Zawezwanie do próby ugodowej
05 Kwietnia, 2018r.
Powszechnie wiadomo, że w relacji wierzyciel- dłużnik pierwszemu z nich zależy na skutecznym odzyskaniu swej należności, a z kolei drugiej stronie na ustaleniu jak najbardziej korzystnych warunków do spłaty zadłużenia i pozbycia się długu. Mając powyższe na uwadze, wszelkie polubowne próby rozwiązania sporu są korzystniejsze dla obu stron tej relacji aniżeli sądowe egzekwowanie należności. Wszystko więc zależy od dobrej woli wierzyciela, jak również dłużnika w szybkim rozstrzygnięciu sprawy.
Jednym ze sposobów uniknięcia sądowej potyczki o wyegzekwowanie spłaty należności jest ugoda sądowa zawarta przed wniesieniem pozwu do Sądu. Dyspozycja art. 184 Kodeksu postępowania cywilnego wskazuje, że sprawy cywilne, których charakter na to zezwala, mogą być uregulowane drogą ugody zawartej przed wniesieniem pozwu.

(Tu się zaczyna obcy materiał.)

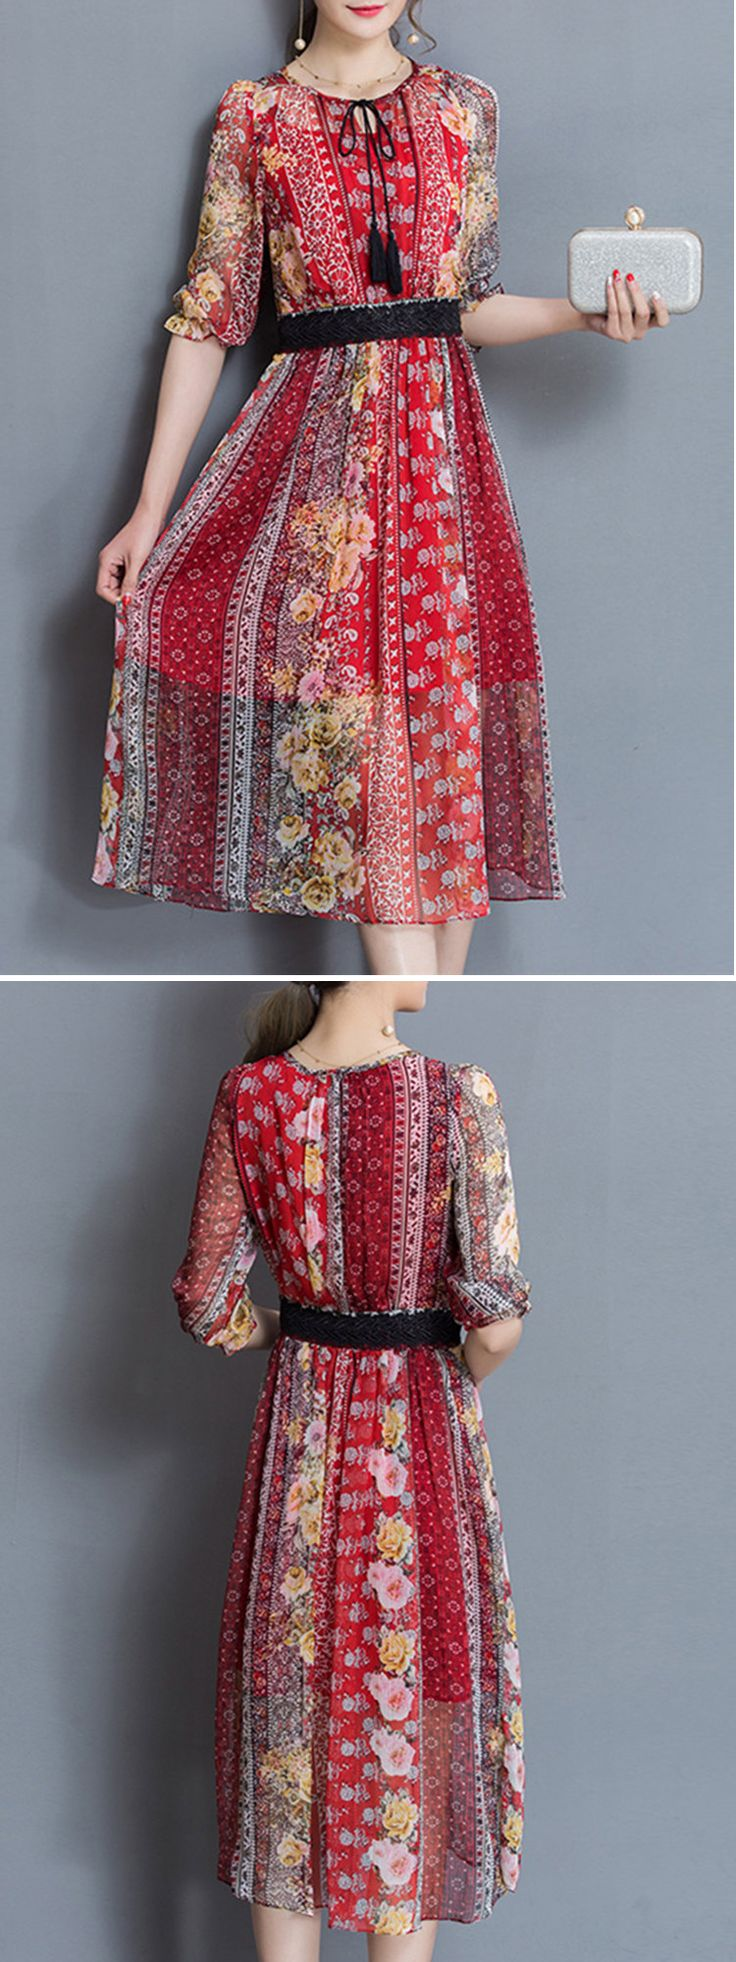 Elegant Women Floral Printed Chiffon Half Sleeve Dresses

Regulacje zawarte w art. 184-196 k.p.c. odnoszą się do postępowania pojednawczego. Słusznie zdefiniował ten rodzaj postępowania Sąd Najwyższy, który wskazał, że jest to:
postępowanie o charakterze samodzielnym, stanowiące odpowiednik postępowania w sprawie. Jest to bowiem postępowanie strukturalnie wyodrębnione w Kodeksie postępowania cywilnego, stanowiące ustawowy środek umożliwiający rozwiązywanie sporów cywilnoprawnych o charakterze fakultatywnym. Postępowanie to – podobnie jak proces – służy możliwości załatwienia przed sądem sprawy cywilnej, z tym, że poprzez doprowadzenie do zawarcia przez strony ugody pod kontrolą sądu” (uchwała SN z 28 marca 2014 r., sygn. akt III CZP 3/14).
Zatem, Sąd w postępowaniu pojednawczym ma za zadanie wyłącznie ocenę zawartej przez strony ugody pod kątem zgodności z prawem, zasadami współżycia społecznego oraz ewentualnego zamiaru stron, zmierzającego do obejścia prawa.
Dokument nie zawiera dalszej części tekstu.